Perioperative lung-protective ventilation has been recommended to reduce pulmonary complications after cardiac surgery. The protective role of a small tidal volume (VT) has been established, whereas the added protection afforded by alveolar recruiting strategies remains controversial.

Objective

To determine whether an intensive alveolar recruitment strategy could reduce postoperative pulmonary complications, when added to a protective ventilation with small VT.

Design, Setting, and Participants

Randomized clinical trial of patients with hypoxemia after cardiac surgery at a single ICU in Brazil (December 2011-2014).

Interventions

Intensive recruitment strategy (n=157) or moderate recruitment strategy (n=163) plus protective ventilation with small VT.

Main Outcomes and Measures

Severity of postoperative pulmonary complications computed until hospital discharge, analyzed with a common odds ratio (OR) to detect ordinal shift in distribution of pulmonary complication severity score (0-to-5 scale, 0, no complications; 5, death). Prespecified secondary outcomes were length of stay in the ICU and hospital, incidence of barotrauma, and hospital mortality.

Results

All 320 patients (median age, 62 years; IQR, 56-69 years; 125 women [39%]) completed the trial. The intensive recruitment strategy group had a mean 1.8 (95% CI, 1.7 to 2.0) and a median 1.7 (IQR, 1.0-2.0) pulmonary complications score vs 2.1 (95% CI, 2.0-2.3) and 2.0 (IQR, 1.5-3.0) for the moderate strategy group. Overall, the distribution of primary outcome scores shifted consistently in favor of the intensive strategy, with a common OR for lower scores of 1.86 (95% CI, 1.22 to 2.83; P = .003). The mean hospital stay for the moderate group was 12.4 days vs 10.9 days in the intensive group (absolute difference, -1.5 days; 95% CI, -3.1 to -0.3; P = .04).
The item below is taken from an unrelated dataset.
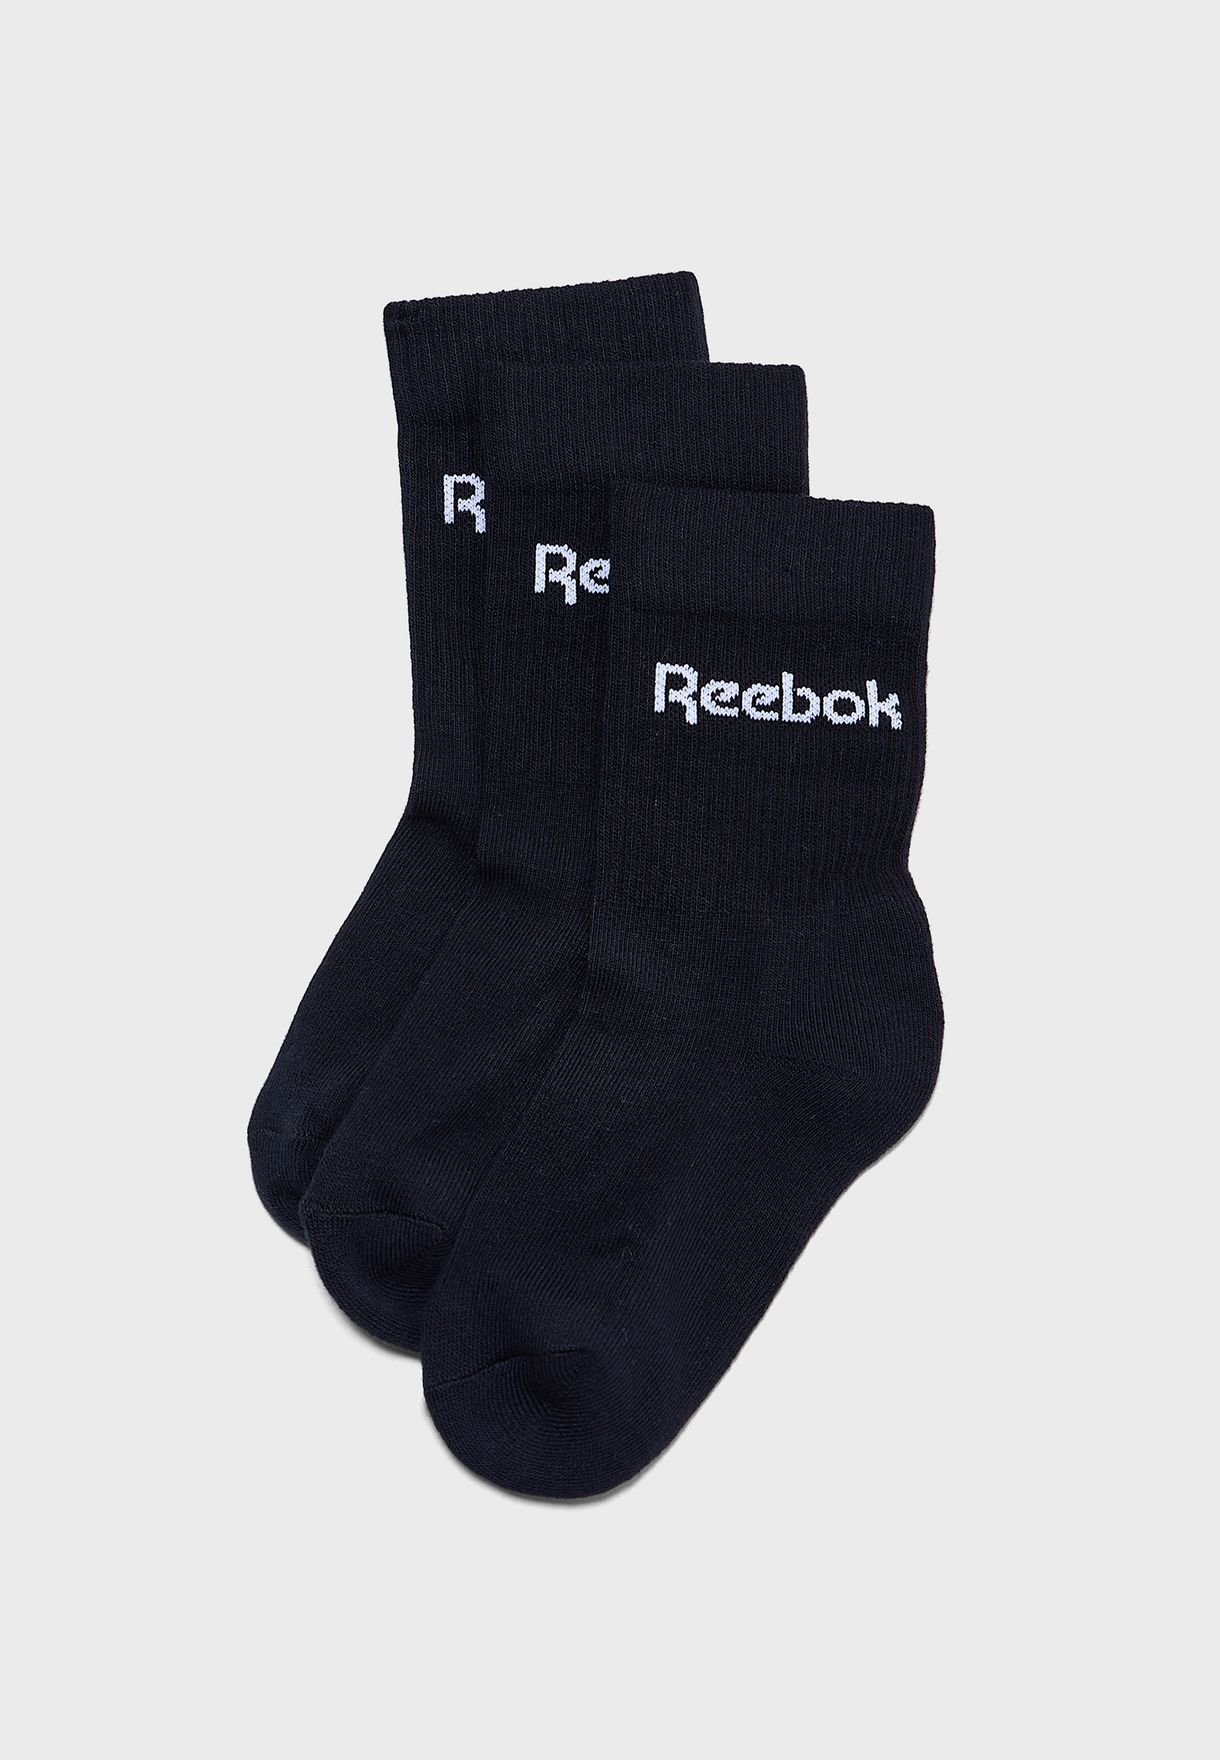 kids reebok socks

The mean ICU stay for the moderate group was 4.8 days vs 3.8 days for the intensive group (absolute difference, -1.0 days; 95% CI, -1.6 to -0.2; P = .01). Hospital mortality (2.5% in the intensive group vs 4.9% in the moderate group; absolute difference, -2.4%, 95% CI, -7.1% to 2.2%) and barotrauma incidence (0% in the intensive group vs 0.6% in the moderate group; absolute difference, -0.6%; 95% CI, -1.8% to 0.6%; P = .51) did not differ significantly between groups.

Conclusions and Relevance

Among patients with hypoxemia after cardiac surgery, the use of an intensive vs a moderate alveolar recruitment strategy resulted in less severe pulmonary complications while in the hospital.

Trial Registration

clinicaltrials.gov Identifier: NCT01502332.

Recruitment maneuvers in patients undergoing thoracic surgery: a meta-analysis.

Hu MC, Yang YL, Chen TT, Chen JT, Tiong TY, Tam KW. Recruitment maneuvers in patients undergoing thoracic surgery: a meta-analysis. Gen Thorac Cardiovasc Surg. 2021;69(12):1553-1559. doi:10.1007/s11748-021-01673-7



OBJECTIVE

Pulmonary atelectasis is a common postoperative complication that may lead to intrapulmonary shunt, refractory hypoxemia, and respiratory distress. Recruitment maneuvers may relieve pulmonary atelectasis in patients undergoing thoracic surgery. This meta-analysis of randomized controlled trials (RCTs) is to evaluate the effectiveness and safety of recruitment maneuvers in patients undergoing thoracic surgery.

METHODS

We performed a literature search on the PubMed, Embase, and Cochrane Library databases and the ClinicalTrials.gov registry for trials published before April 2021. We investigated postoperative pulmonary atelectasis incidence, intrapulmonary shunt fraction, static lung compliance, and mean arterial pressure.

RESULTS

Six RCTs involving 526 patients were reviewed. Patients receiving a recruitment maneuver exhibited a significant decrease in intrapulmonary shunt fraction [weighted mean difference (WMD) - 0.02, 95% CI - 0.03 to - 0.01], improved static lung compliance (WMD 2.16; 95% CI 1.14-3.18), and PaO2/FIO2 ratio (WMD 31.31; 95% CI 12.11-50.52) without a significant difference in mean arterial pressure (WMD - 0.64; 95% CI - 4.92 to 3.64). The incidence pulmonary atelectasis favored recruitment maneuver group, but was not statistically significant (RR 0.55; 95% CI 0.27-1.12).

CONCLUSIONS

Recruitment maneuvers may be a viable treatment for reducing intra-pulmonary shunt and improving static lung compliance and PaO2/FIO2 ratio without the disturbance of hemodynamics in patients undergoing thoracic surgery.